---------- THE DATA
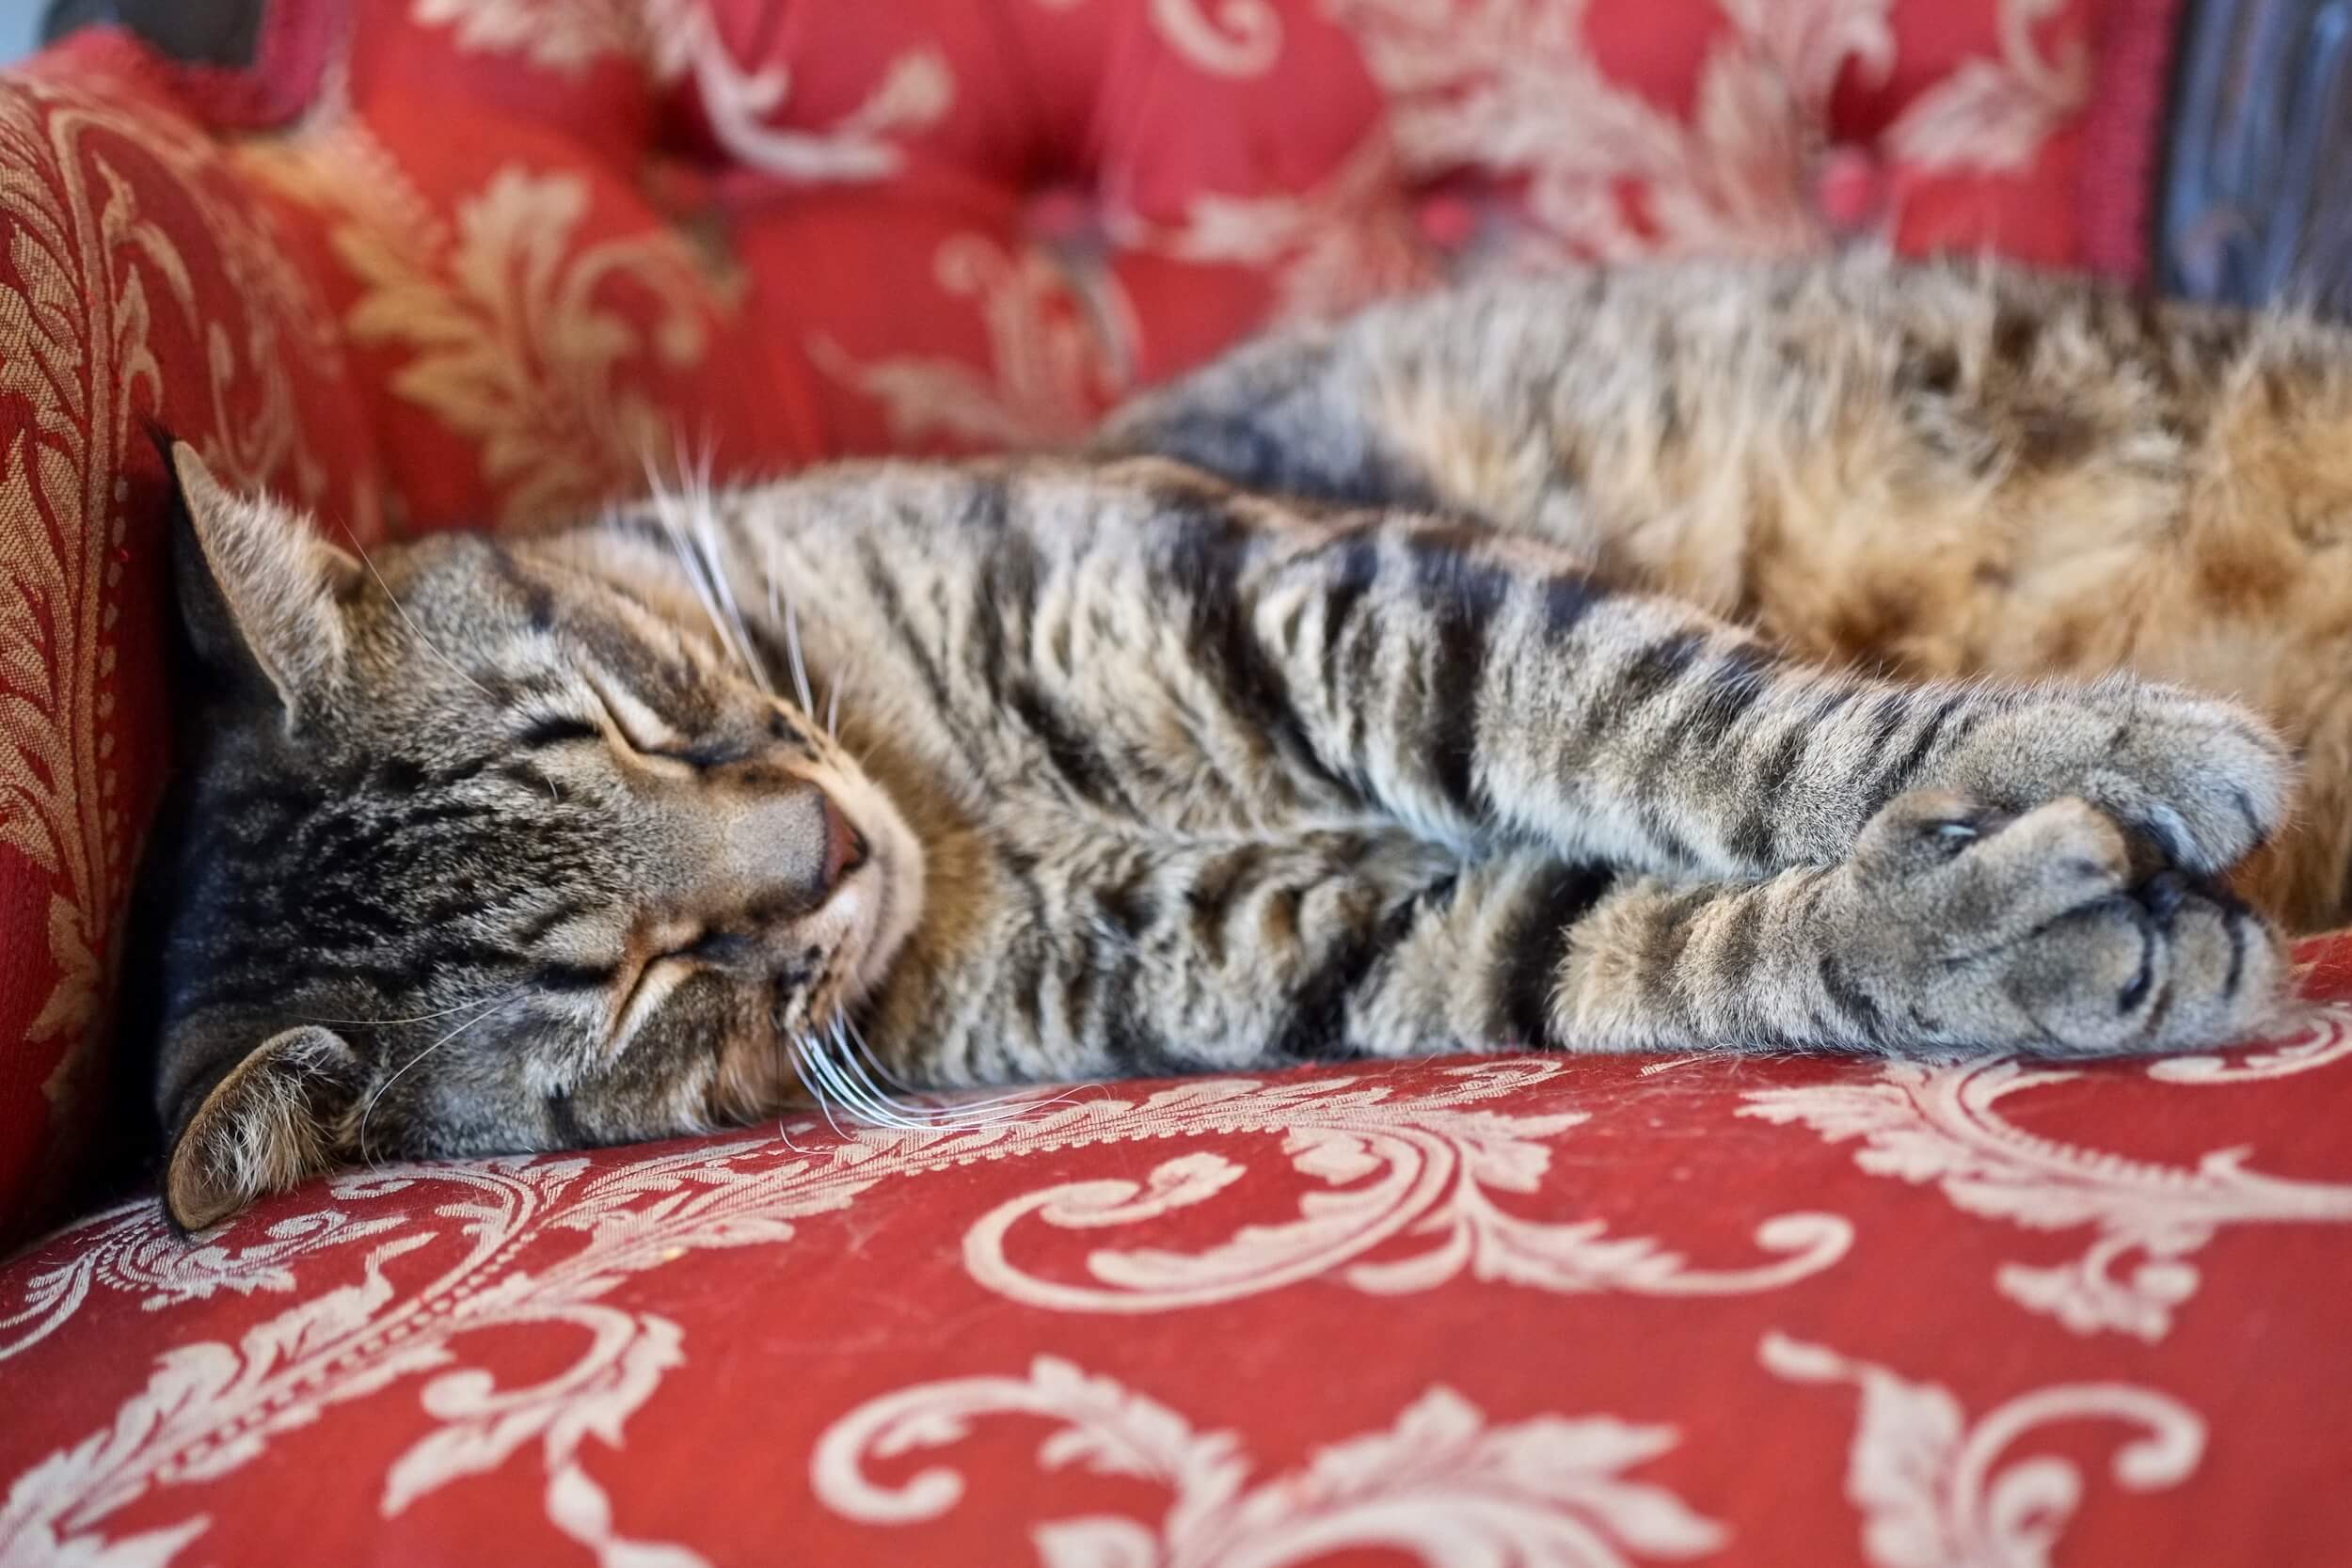 Hemingway sleeping polydactyl cat key west
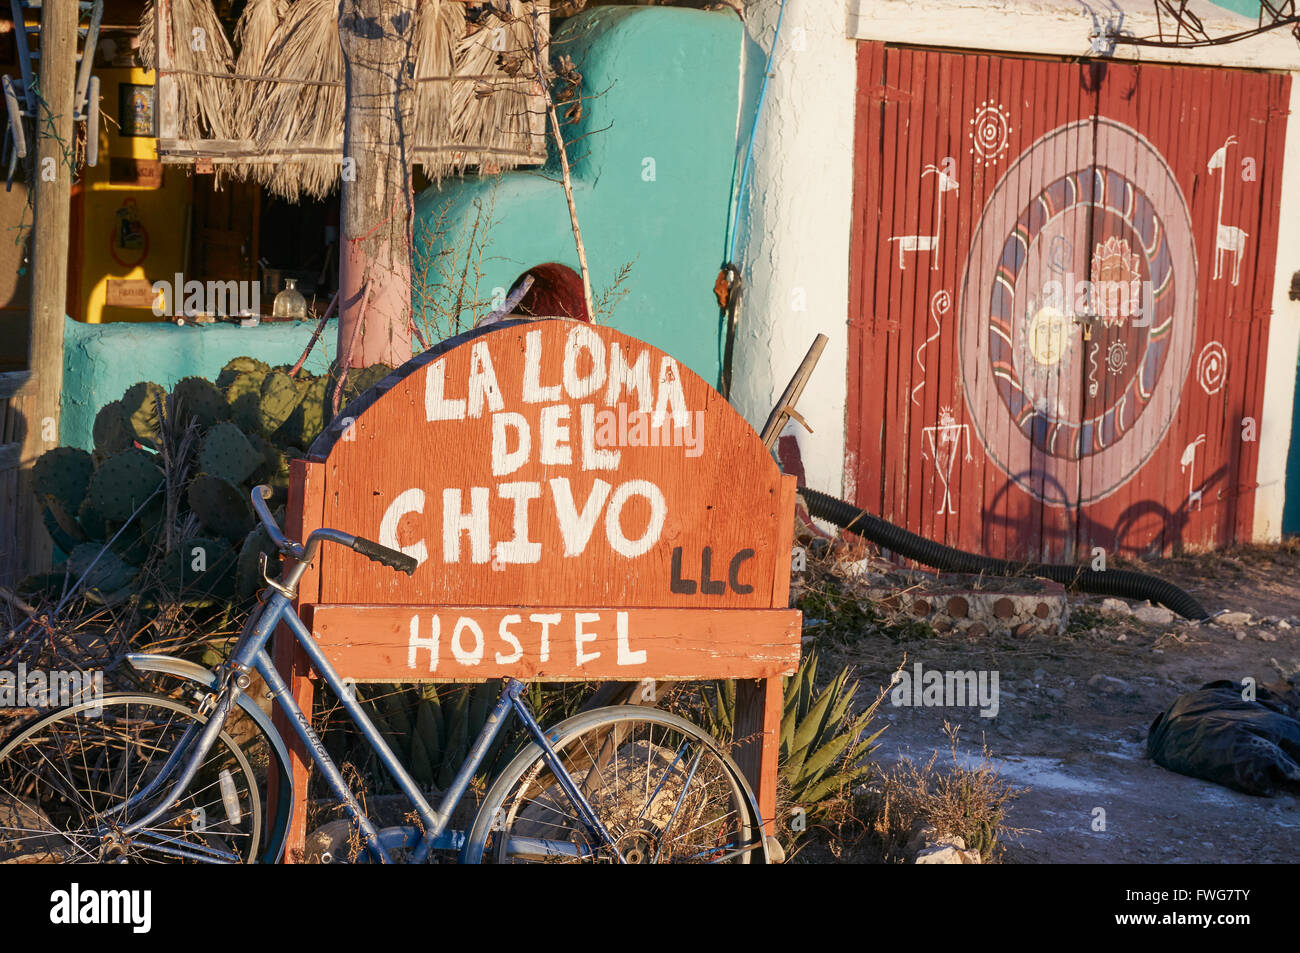 La Loma Del Chivo hostel, Marathon, Texas, États-Unis Banque D'Images
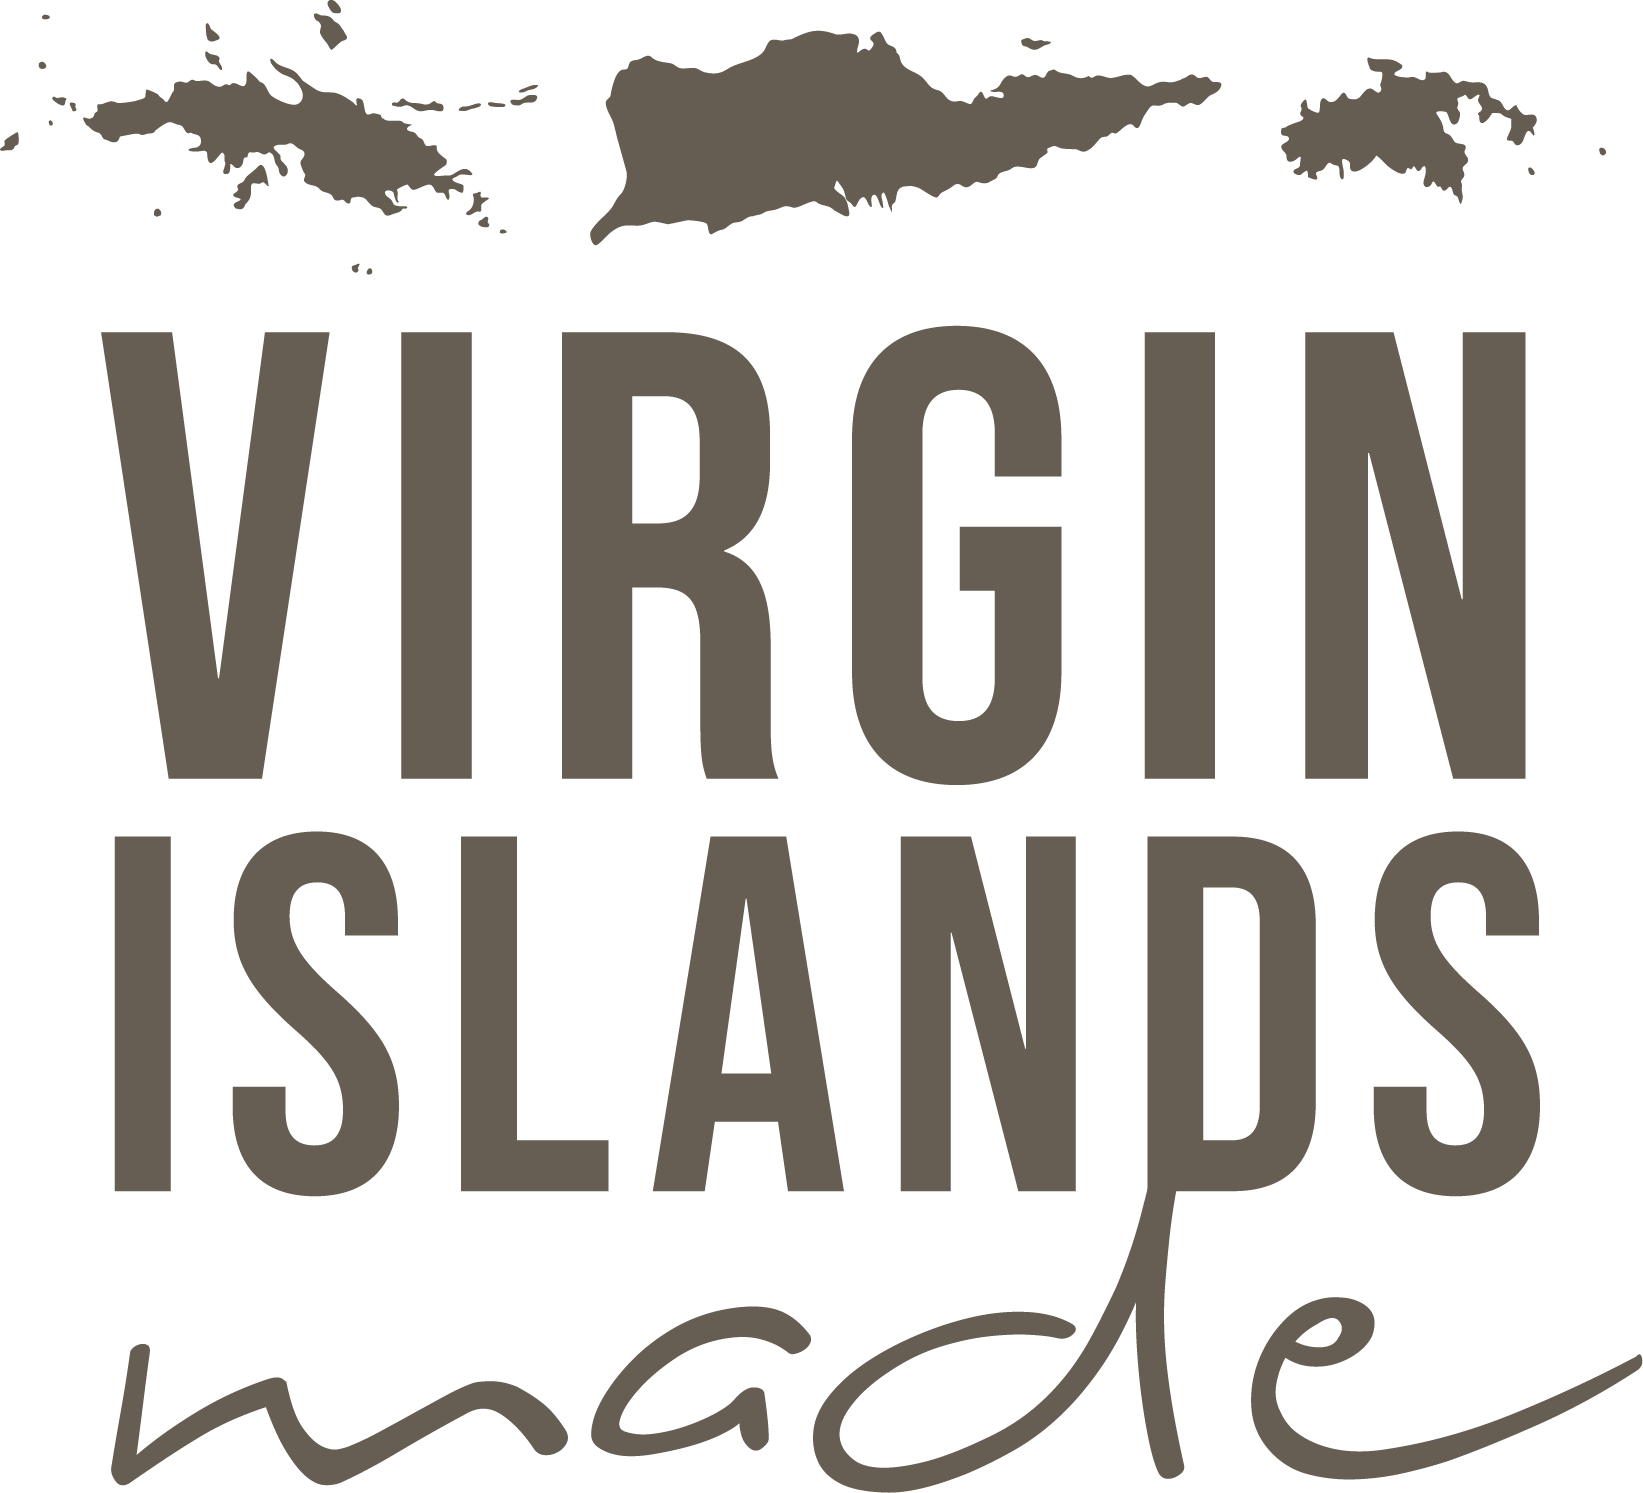 Virgin Islands Made
--------------------
TASK DIRECTIONS: A word-for-word transcription of the listing is needed, minus its images.

RESULT FOR THIS EXERCISE:
 Hemingway sleeping polydactyl cat key west
 La Loma Del Chivo hostel, Marathon, Texas, États-Unis Banque D'Images
 Virgin Islands Made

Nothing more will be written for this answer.